En Espagne, c’est en effet dans un rôle hybride et bien plus offensif que Danjuma se révèle. Pierre angulaire du 4-3-3 coach Unai, le Néerlandais s’est mué en pendentif indispensable de Yeremi Pino ou Samuel Chukwueze à gauche, et al alternative en punta. Un profil complet, bien loin des tâches défensives administrées au cours de sa vie brugeoise. « A la découverte de Villarreal, j’ai été assez surpris de le voir à ce point dans l’axe de l’attaqueanalyse Benoît Poulain. A Bruges, il restait trois infractions et dans certaines phases de contre, il se retrouvait même dans la surface avant notre numéro 9. Mais il était collé à la ligne de touche. Aujourd’hui, c’est devenu un véritable attaquant. Réussir ce changement en moins d’un an, franchise, respect. » De quoi donner un peu plus de régularité à ses 10 buts inscrits en Ligue (c’est le total le plus élevé en première division), plus surtout à ses 6 réalisations en 12 matchs de Ligue des champions. Après le même temps, je disputerais 33 matchs (26 titres) sur 45 possibles, mais je n’ai pas raté les 12 autres qui pour blessure.

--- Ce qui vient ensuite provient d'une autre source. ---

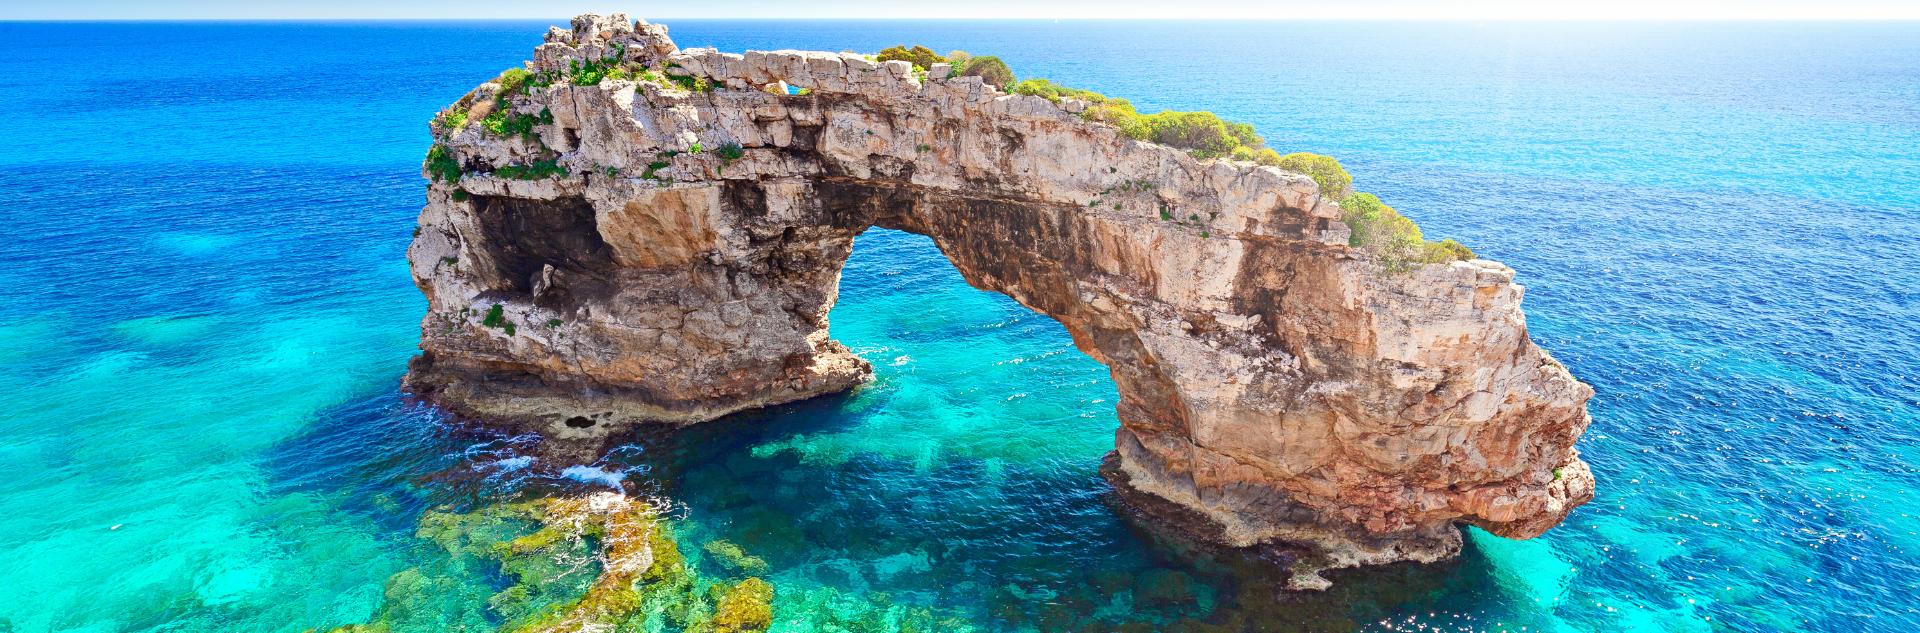 Spanien - Steinbrücke im Meer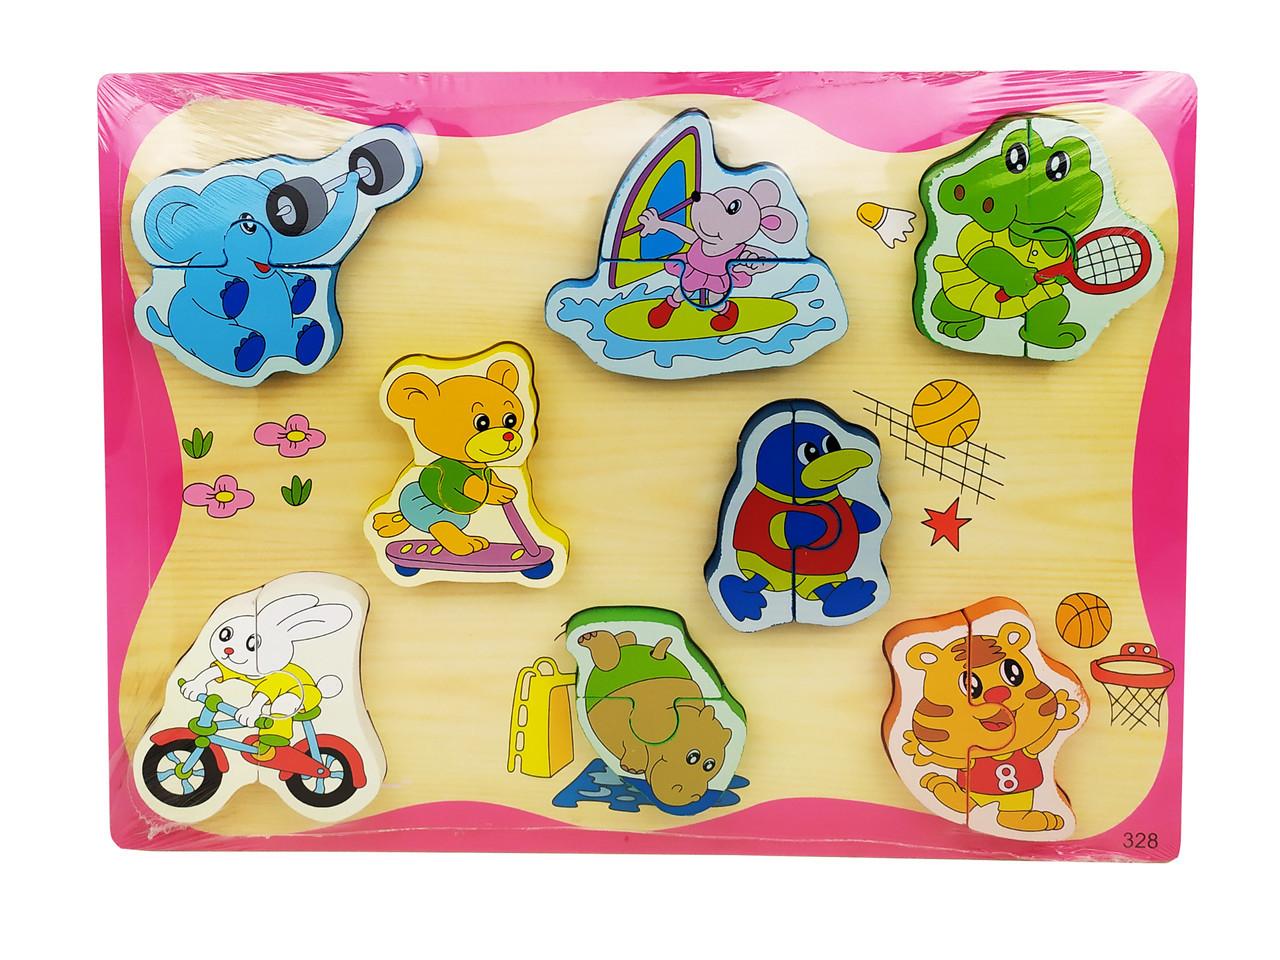 Деревянная игрушка Рамка-вкладыш MD 1213-5 (Животные спорт) пазлы, животные.

« J’ai une faim énorme ! Je dirai qu’à l’instant, je faisais partie des meilleurs ailiers du monde face aux prétentieux. C’est même vrai et factuel. » Arnaut Danjuma, lui-même

« Il est en train d’écrire quelque chose de sérieuxenchaîne Poulain. Arnaut, c’est un joueur hollandais typique, hein. Comme ses compatriotes, sur le terrain il est confiant, voire arrogat pour les certitudes, il ne laisse pas faire et, surtout, il a une énorme ambition. Il a sciemment choisi Villarreal car il sait que c’est un tremplin. Aujourd’hui, il est dans une équipe que je nomme la “deuxième zone”, derrière le Real Madrid et le Barça. Et à mon avis, le connaissant, il ne va pas tarder à rejoindre la première. » Des paroles justifiant dès lors le discours plein d’à-propos d’un joueur pas près de s’arrêter. « J’aime bien faire le bilan de mes étapes en carrière : aujourd’hui j’ai 25 ans, je joue à Villarreal et je suis en Ligue des champions. C’est déjà bien. Mais je veux faire encore mieux ! J’ai une faim énorme ! Je dirai qu’à l’instant, je faisais partie des meilleurs ailiers du monde face aux prétentieux. C’est même vrai et factuel. » Le fameux « melon » hollandais. Dans un vendredi, Arnaut Danjuma devra donc faire de cette confiance absolue une arme de choix pour déstabiliser l’armée rouge de Liverpool et permettre qu’en milieu de semaine également, tout lui réussit.

Tactique : le costume moulant de Sadio Mané

Par Adel Bentaha
Propos de Benoît Poulain recueillis par AB.